Это уже не бордель, а игрушечный магазин после закрытия. Помните из детства «Мишка с куклой громко топают…» Есть и Мишка (Альфред) и Кукла (Виолетта), а между ними игрушечные чувства и отношения такие же искусственные, как плюшевые слоны и собаки.
Замечателен мир детской мечты: жить в сказке, быть принцессой и чтобы много-много игрушек. Хорошо и комфортно Виолетте в кукольном платье: «быть свободной и беспечной»… Легкий, воздушный голосочек разлетается в воздухе хрустальными кристалликами, конфетти с праздника, гирляндами с рождественской елки. В одной руке — медведь, в другой — кукла. И какая трогательная, по-детски наивная между ними любовь!
Прочно застрял в детстве и Альфред (А. Косарев). Слепая привязанность отца не позволила инфантильному и капризному ребенку вырасти из «коротких штанишек». Вот Жермон приходит к Альфреду, уговаривает одуматься и приносит… кораблик! «Вернись домой», — умоляет Жермон, раскачивая Альфреда на деревянной лошадке.

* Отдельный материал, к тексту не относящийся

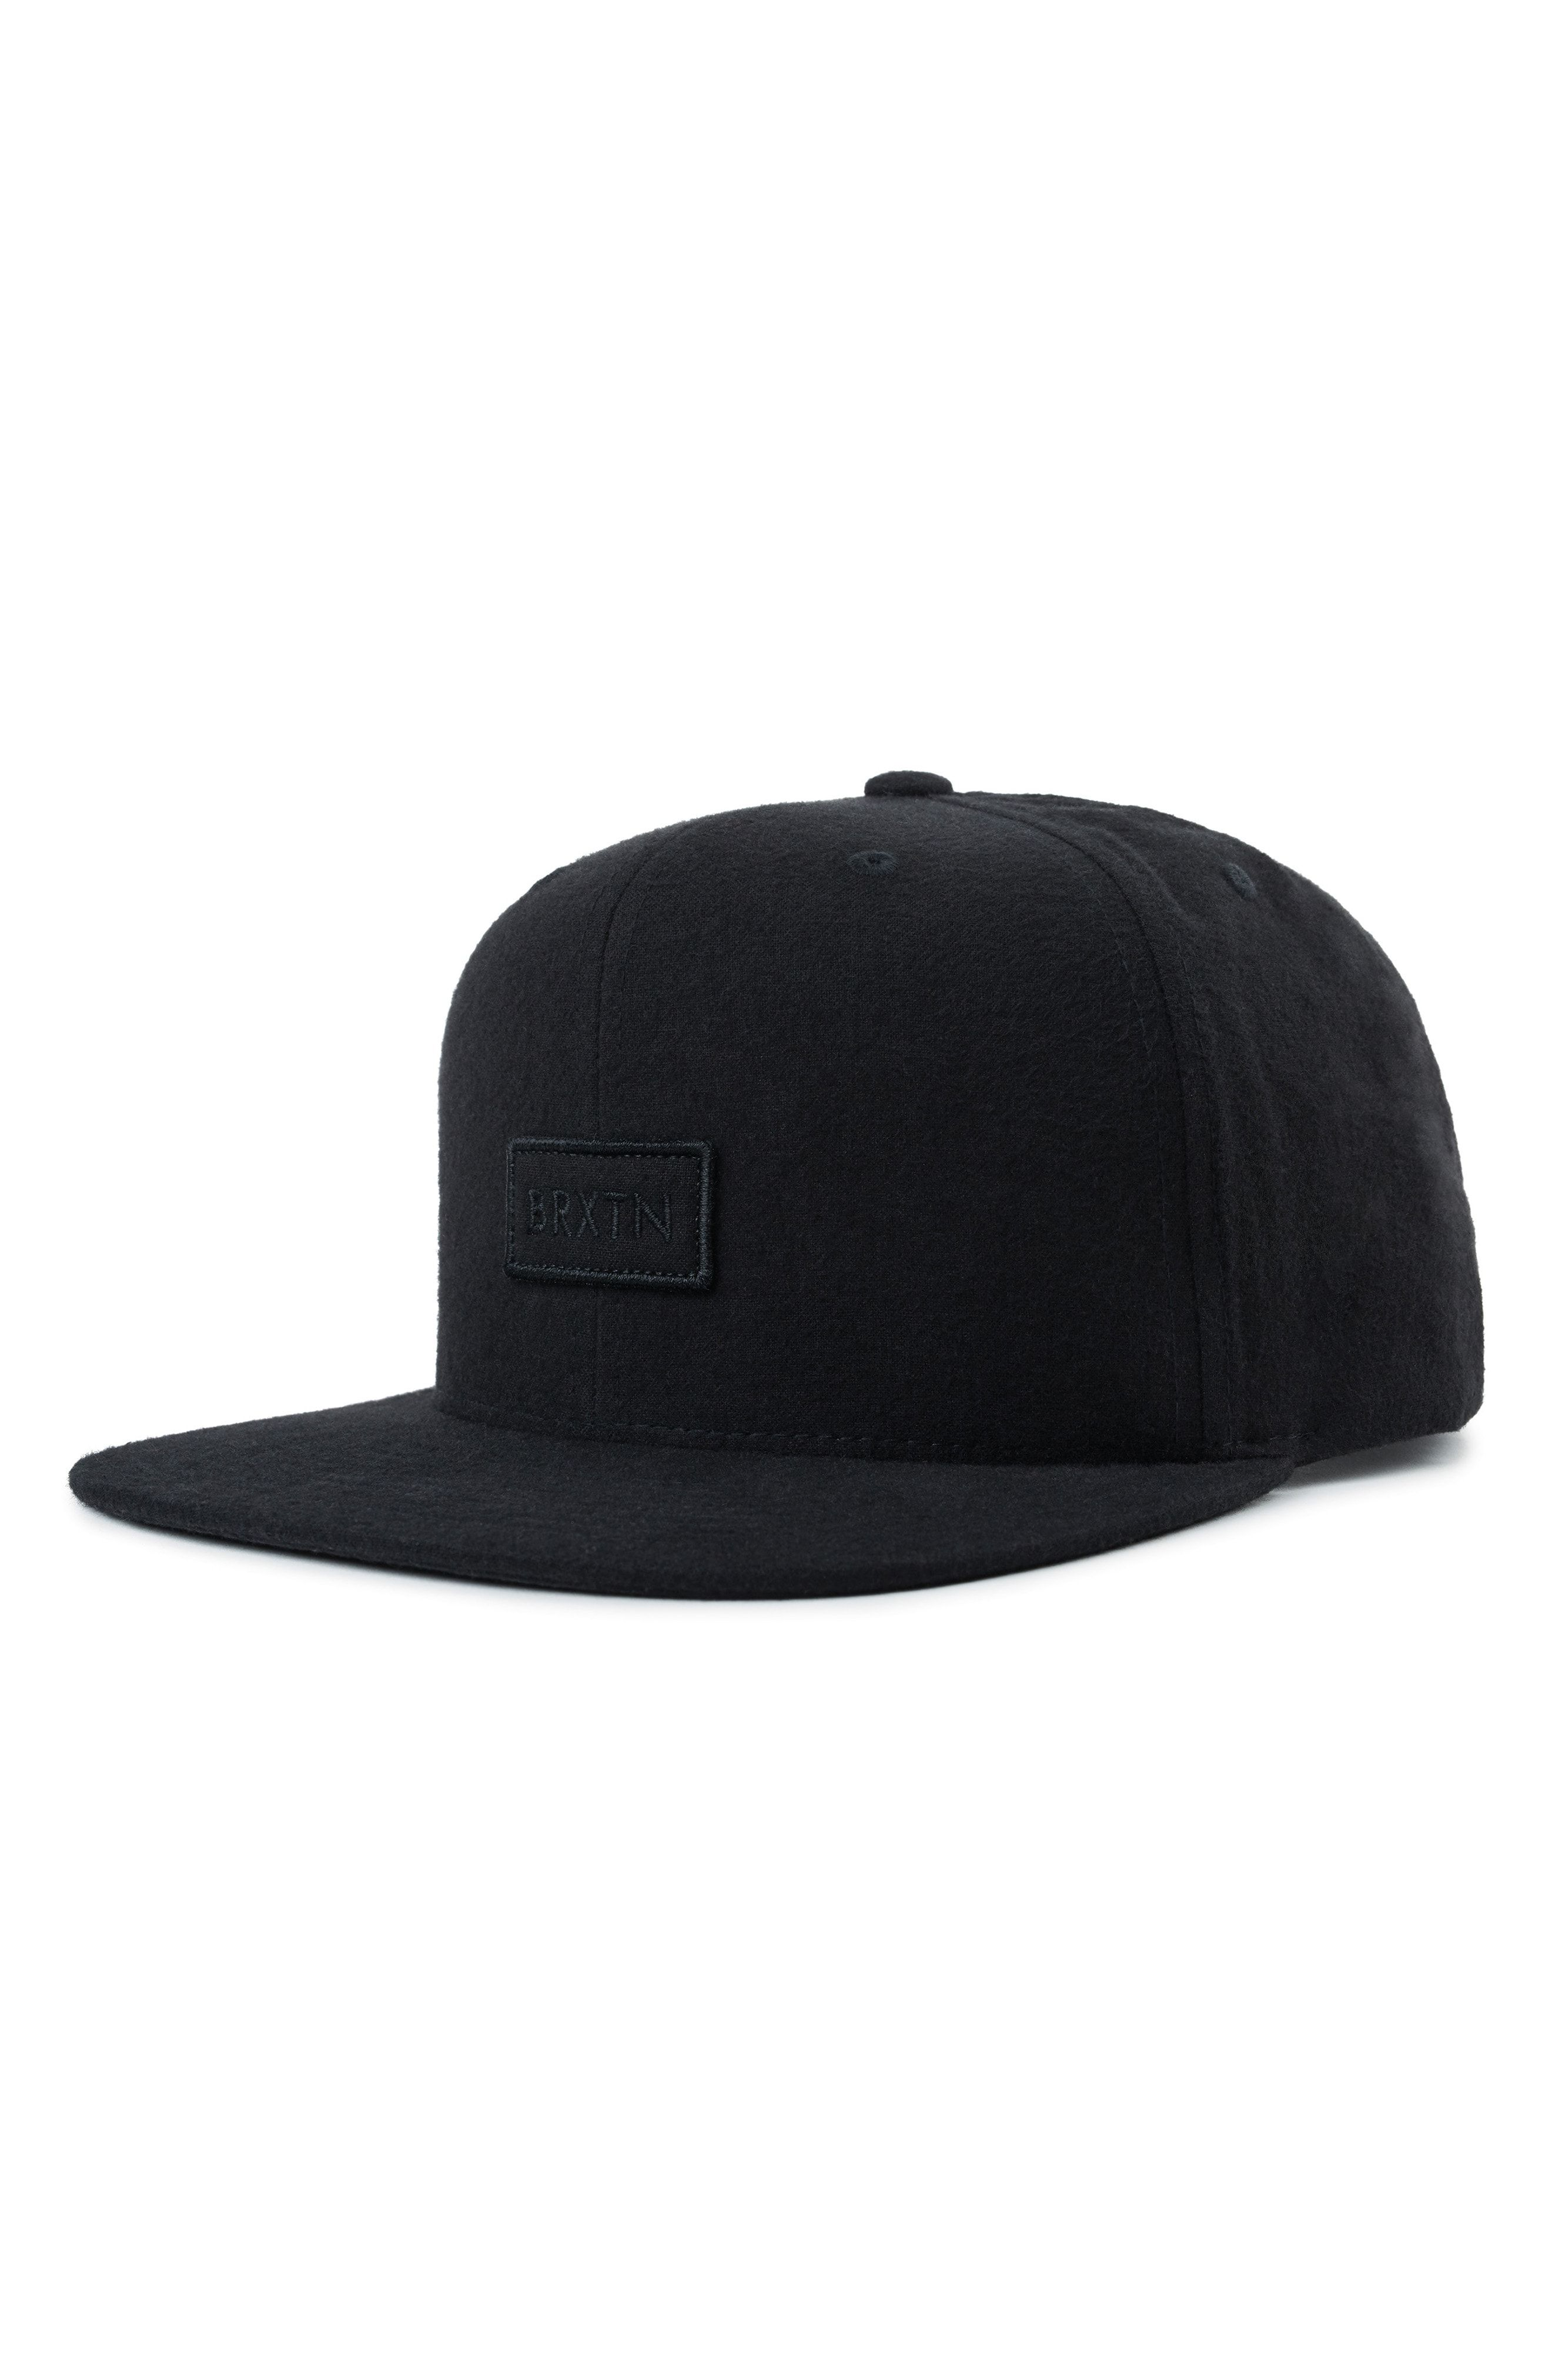 297558968c BRIXTON RIFT II FLAT BRIM BASEBALL CAP - BLACK. #brixton | Brixton ...
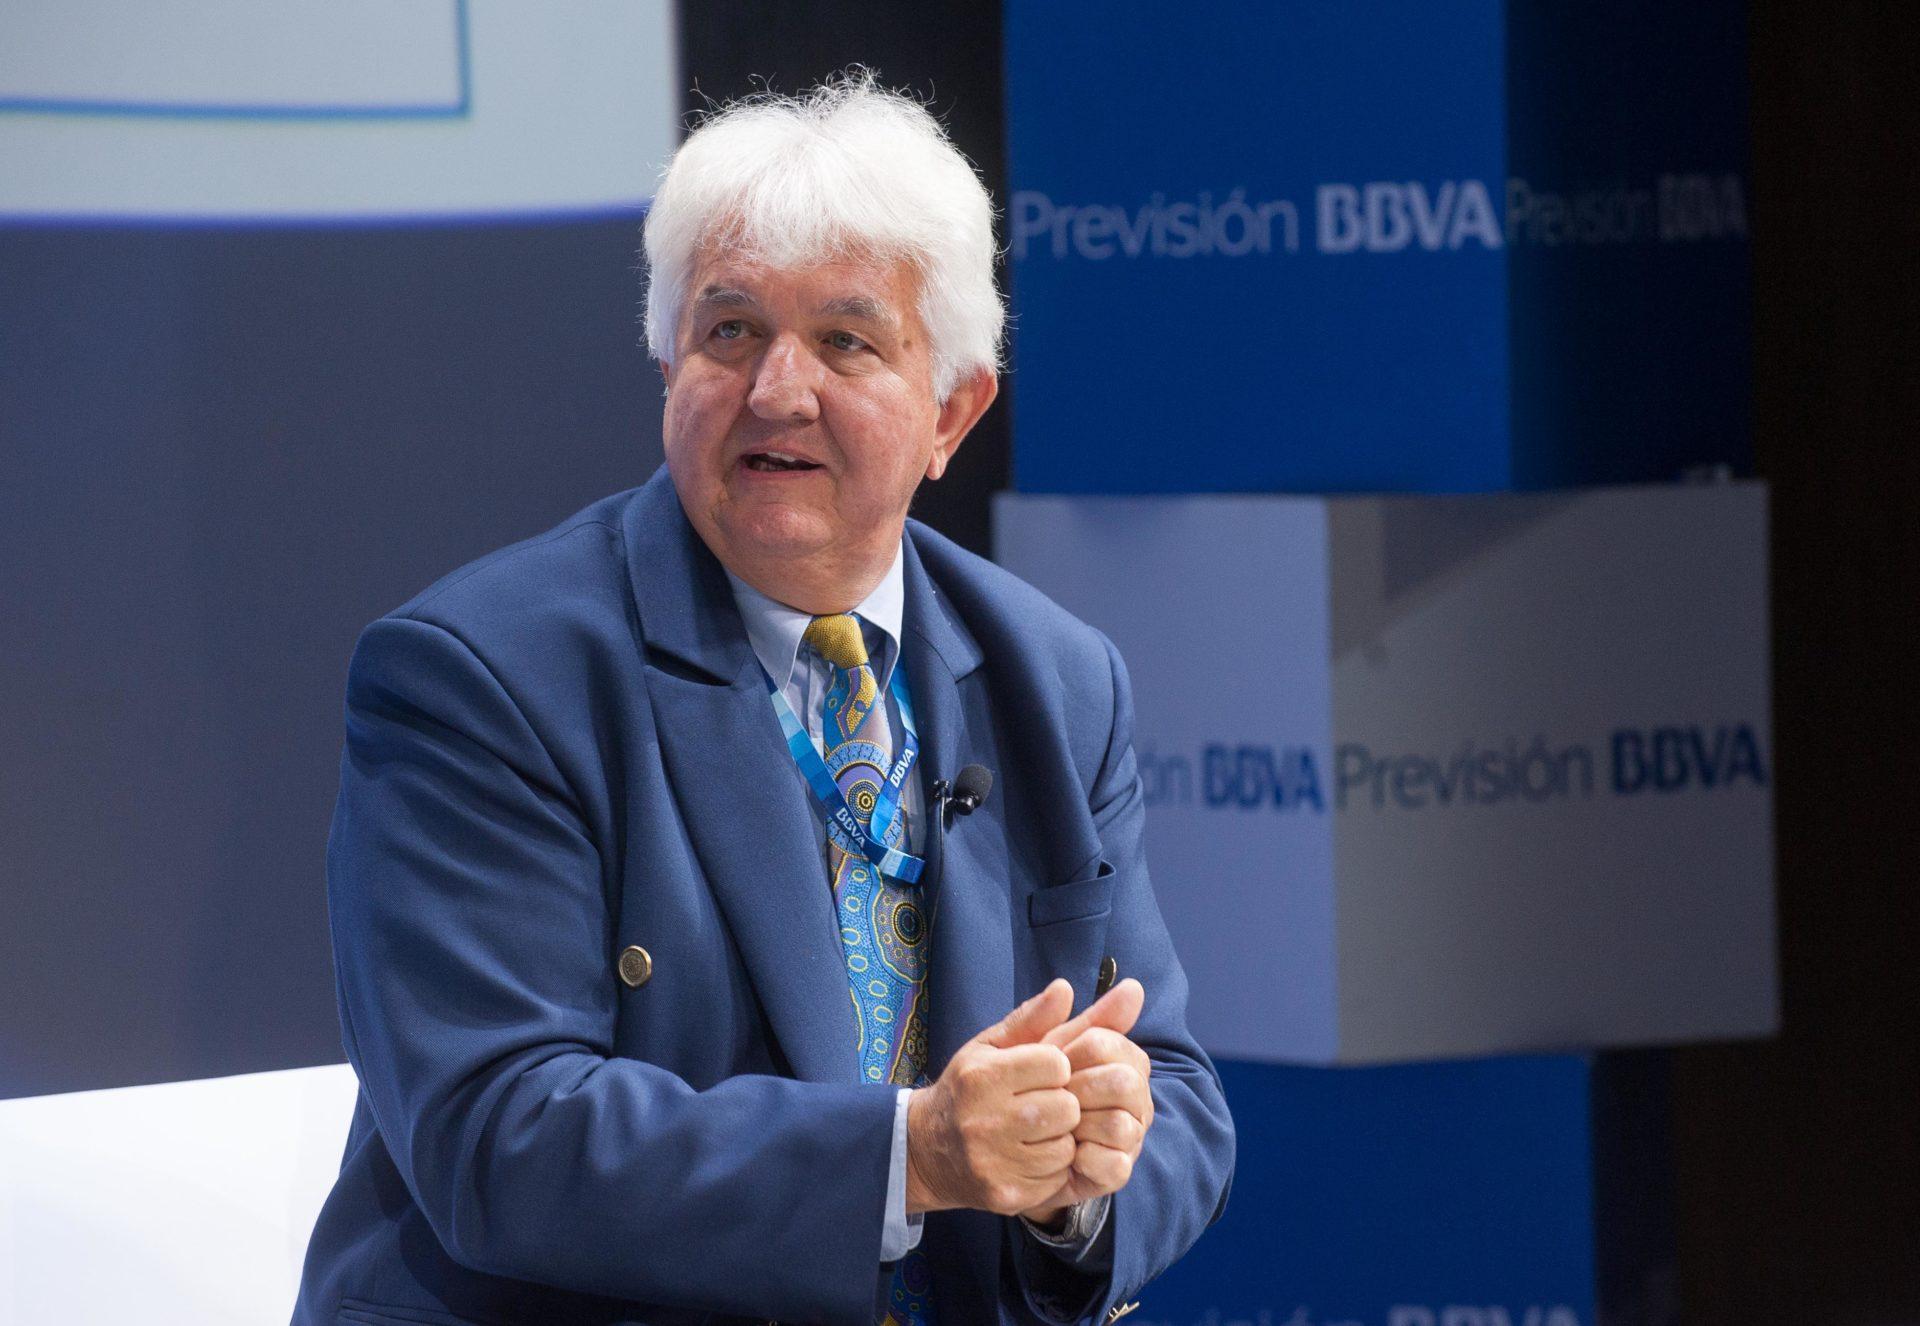 Fotografia de foro expertos pensiones economia jubilacion BBVA

Посвящая Виолетту в тонкости семейной драмы, Жермон нежно укачивает плюшевого медведя, тихо напевает арию, которая неожиданно становится колыбельной. Журчащий, ласкающий голос убаюкивает и усыпляет. Закончив, кладет медведя к ногам Виолетты и удаляется. Растерянная, потрясенная какими-то догадками и еще неясными переменами в себе, она робко прочерчивает крест в воздухе. Вглядывается в пустоту. Надтреснутый, хрипловатый от слез голос рвется и никнет. Появившийся Альфред не замечает в новой Виолетте ничего, кроме мокрого следа на щеке. А ее уход в первую минуту воспринимает как милый каприз. Но…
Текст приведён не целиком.